INFORMATION PROVIDED START

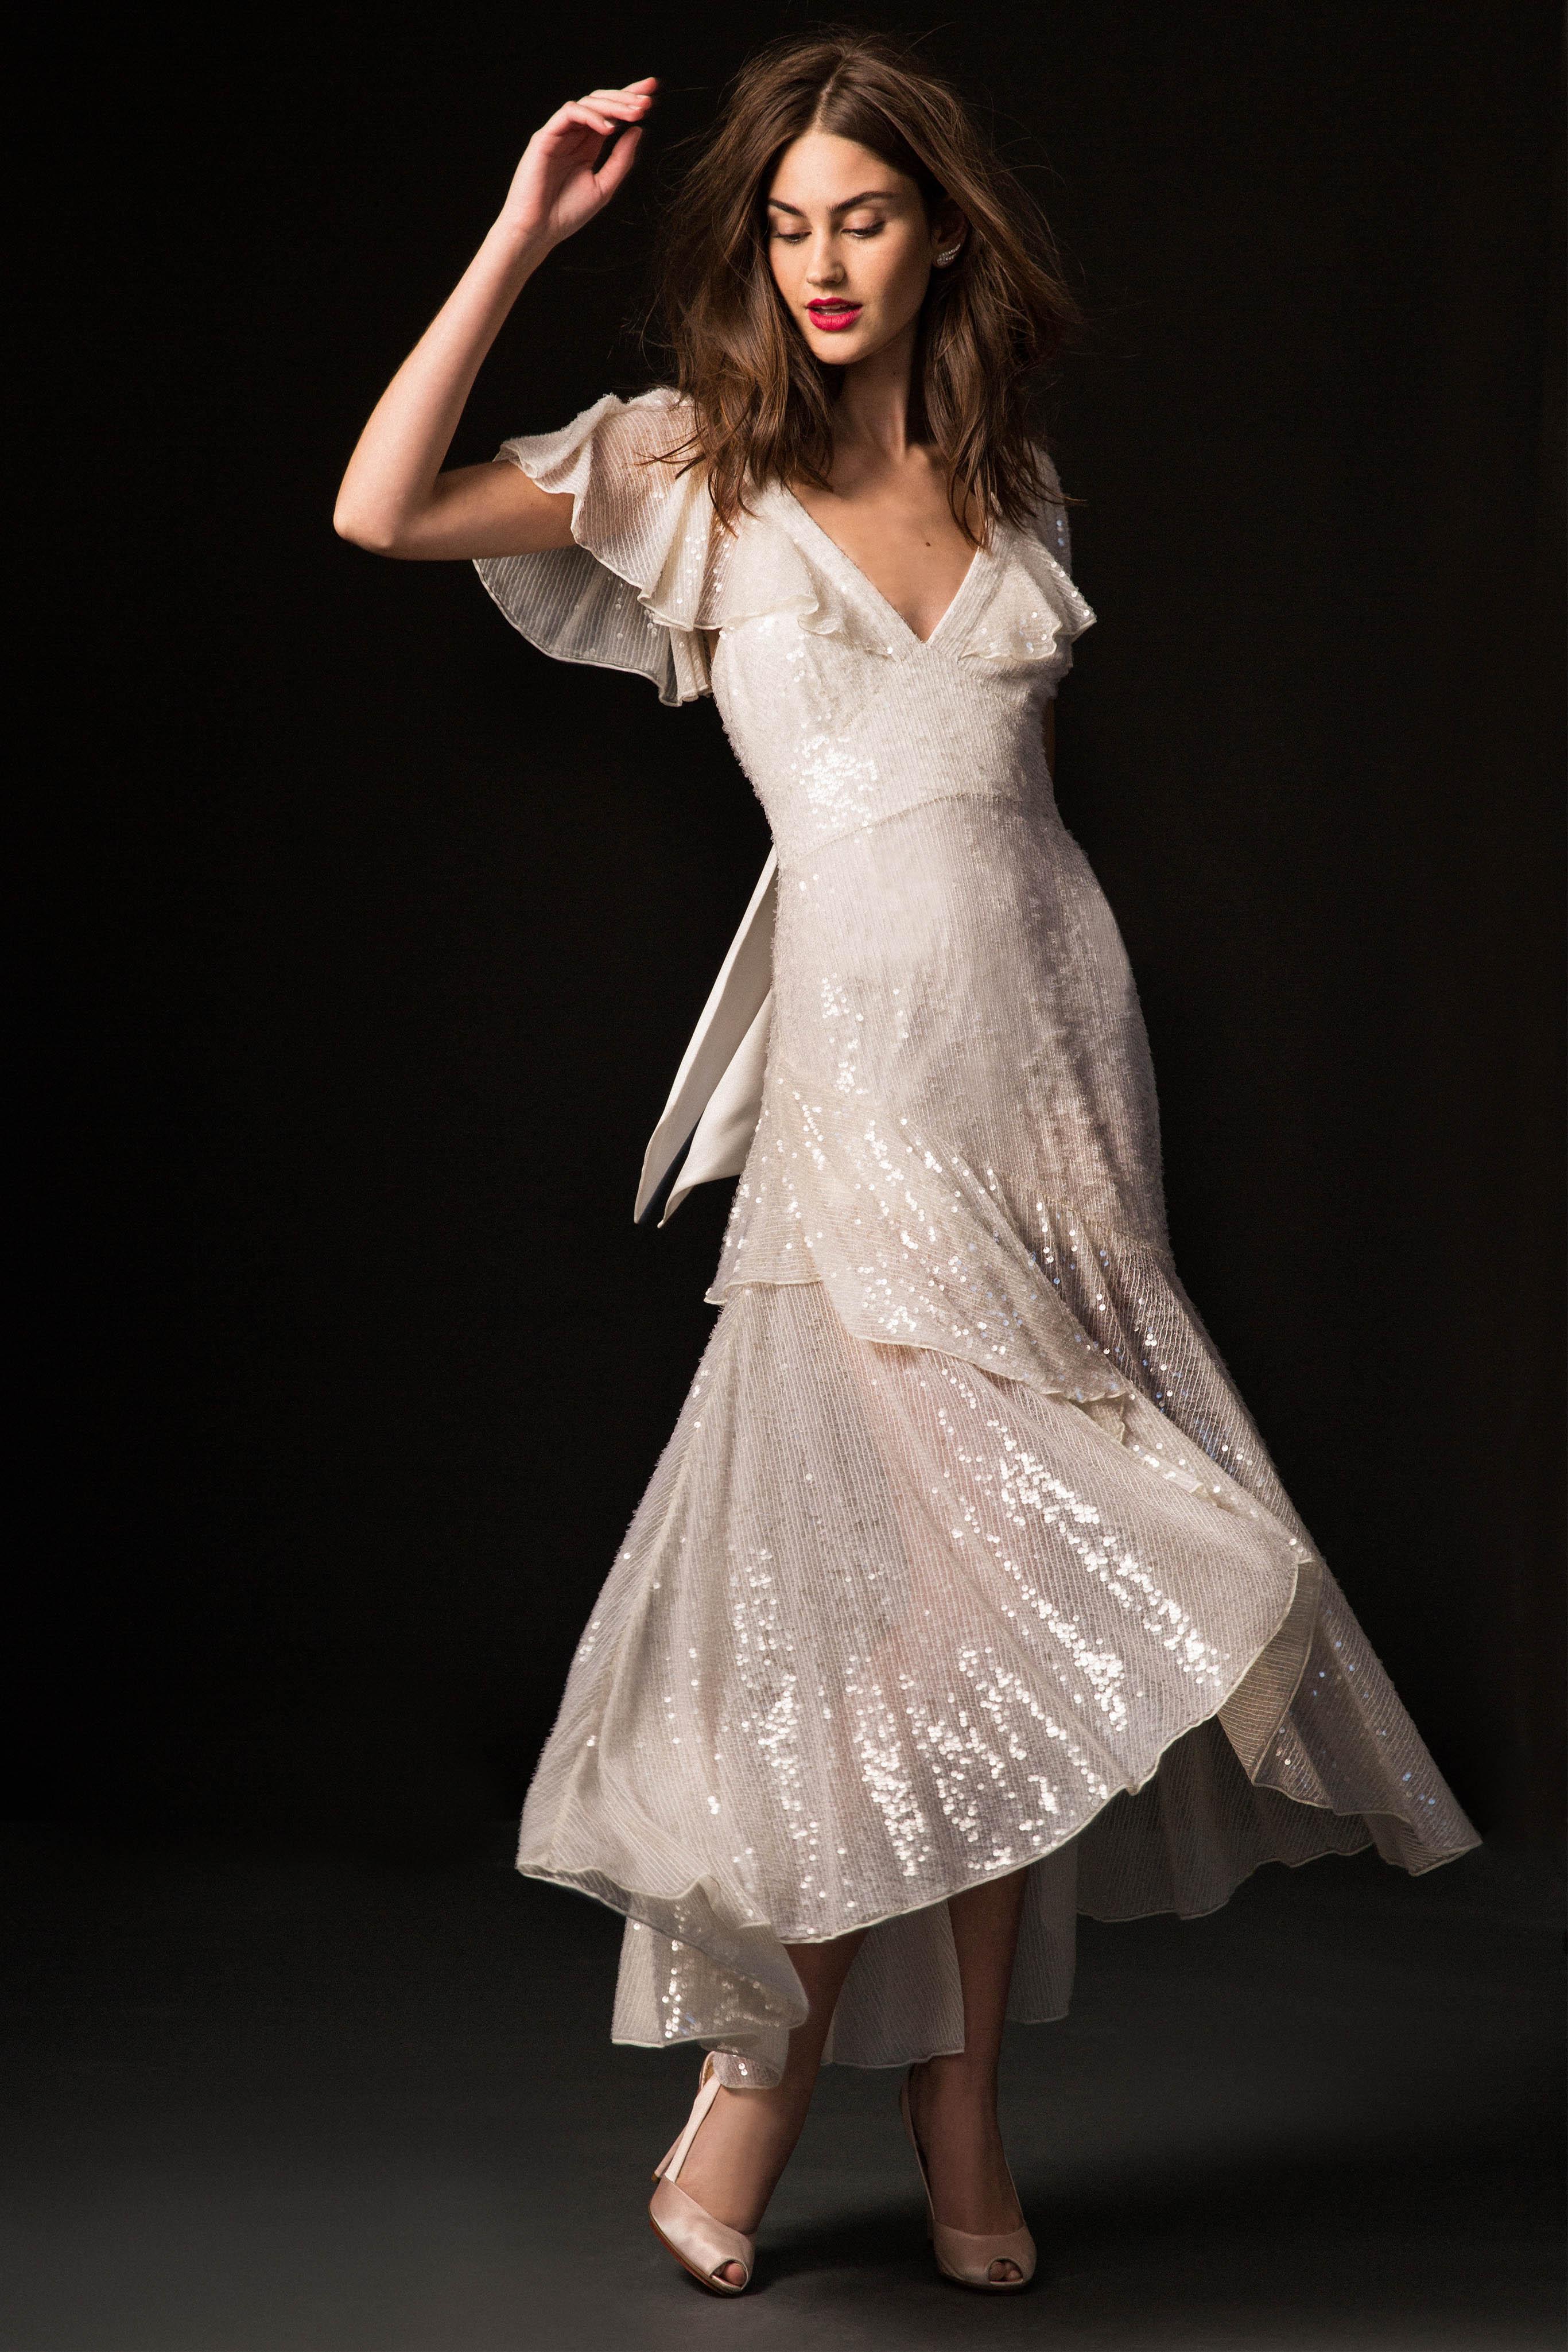 temperley fall 2019 v-neck high-low dress wedding dress
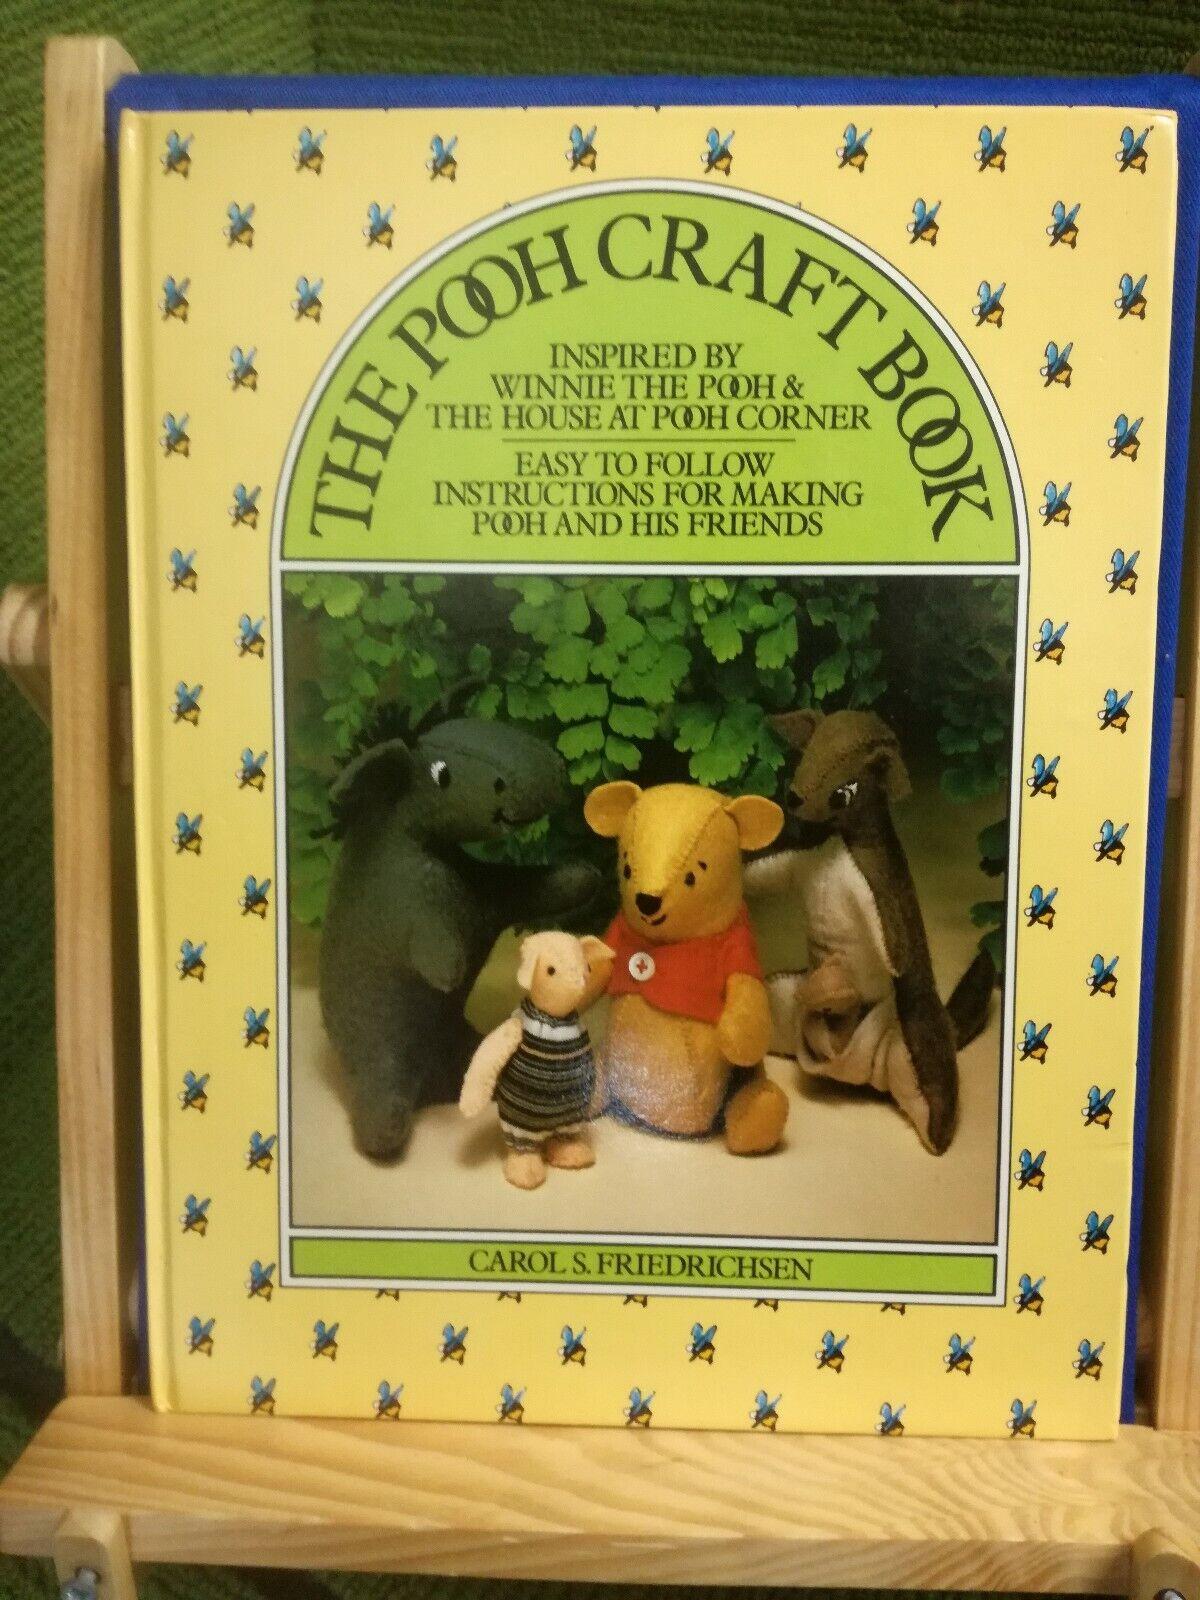 THE POOH CRAFT BOOK - CAROL S S S FRIEDRICHSEN - 1982 1st Ed HARDBACK BOOK - LOVELY b937e3
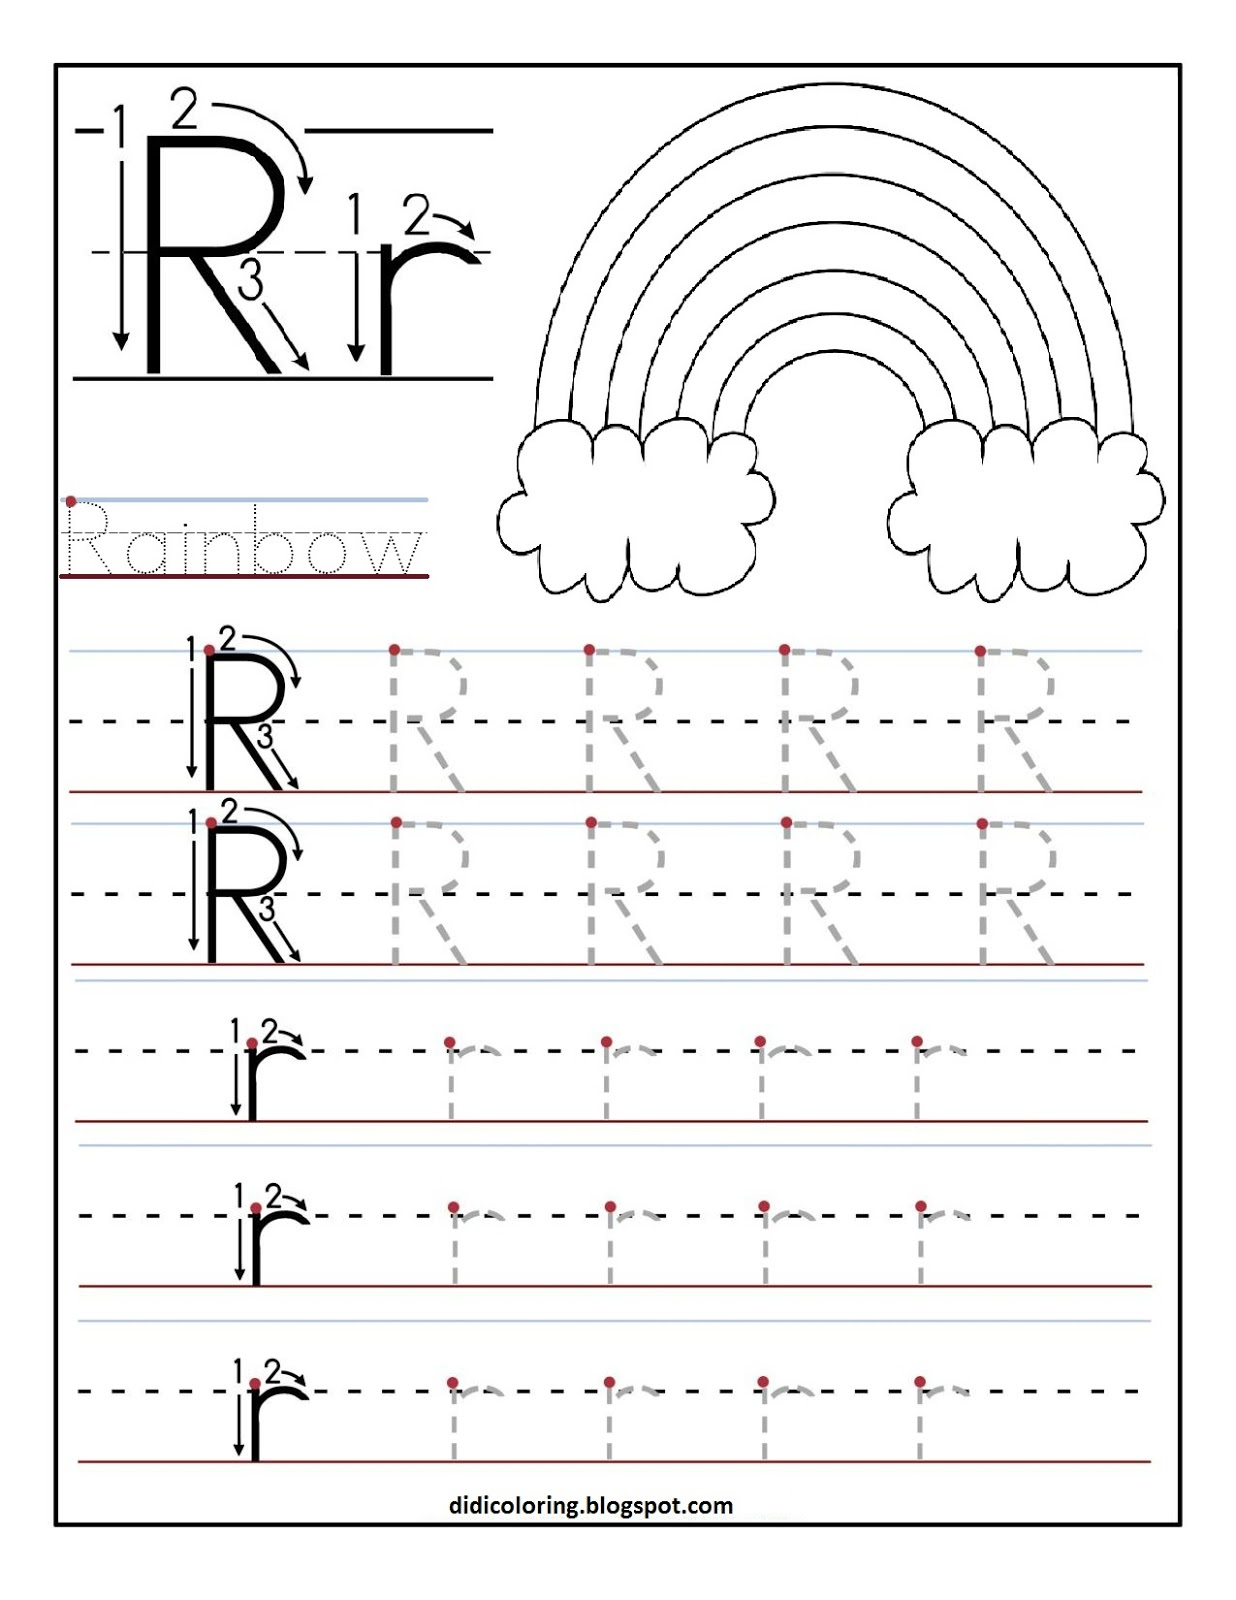 math worksheet : accessoris related : Free Printable Letter Worksheets For Kindergarten
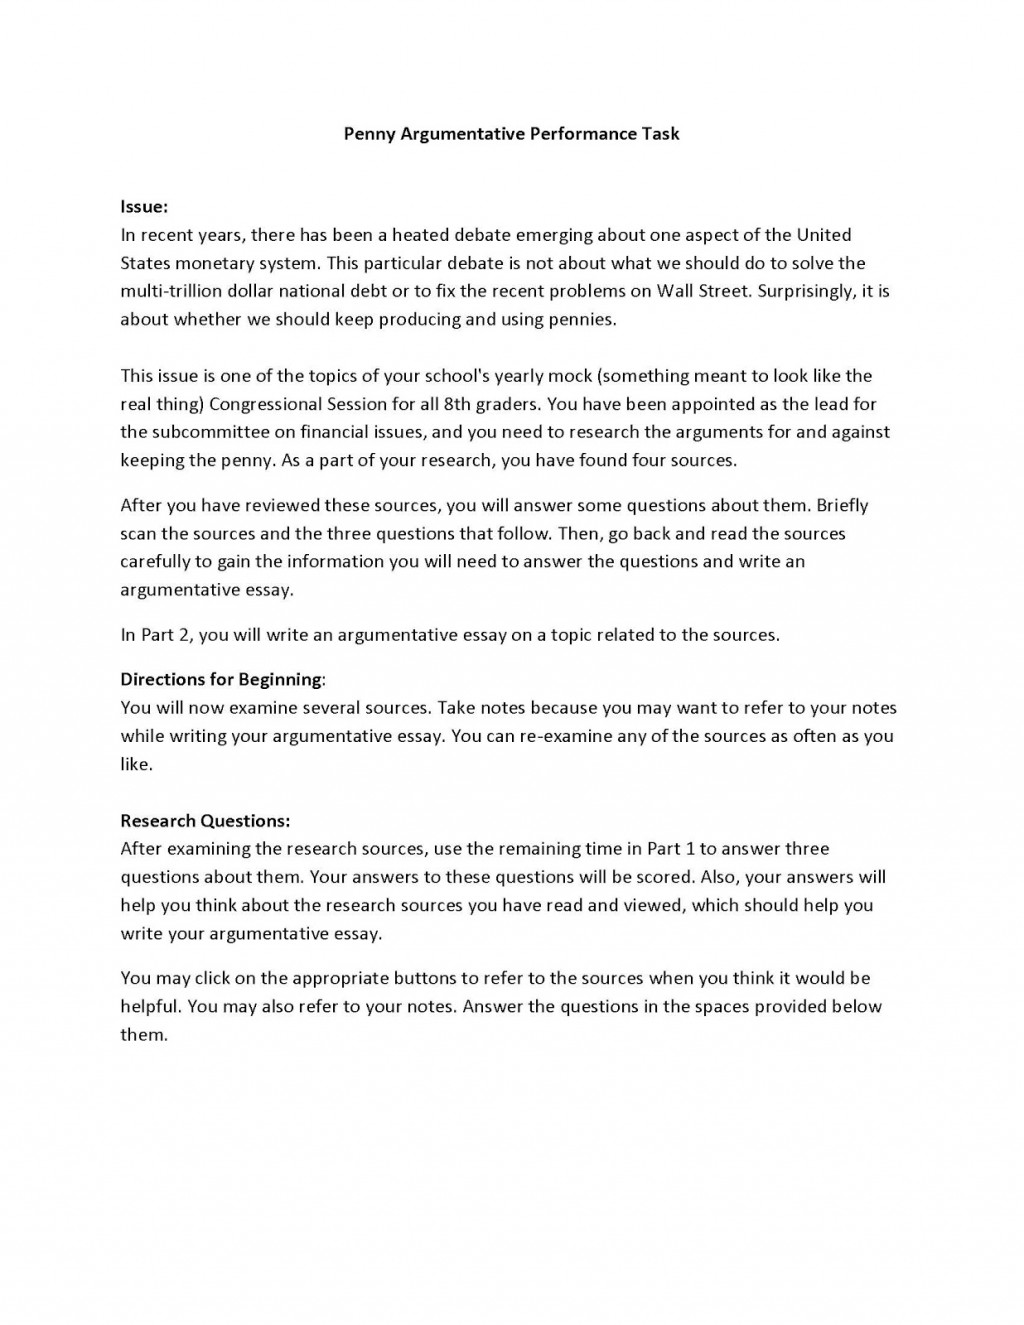 013 Death Penalty Essay Argumentative Essays On Of Argumentation Introduction Ljdbuiws8cqmm8eyorzbfjagydkosgefch8x57fxk67naismkfqlitegqbfawiqrnovq Persuasive Against Conclusion Awful Pros And Cons Large

INFORMATION PROVIDED END

DIRECTIONS FOR THIS TASK: Copy exactly the lines running from the beginning of the listing through the line that has "math worksheet : accessoris". Drop the pictures.

TASK ANSWER:
 temperley fall 2019 v-neck high-low dress wedding dress
 THE POOH CRAFT BOOK - CAROL S S S FRIEDRICHSEN - 1982 1st Ed HARDBACK BOOK - LOVELY b937e3
 math worksheet : accessoris related : Free Printable Letter Worksheets For Kindergarten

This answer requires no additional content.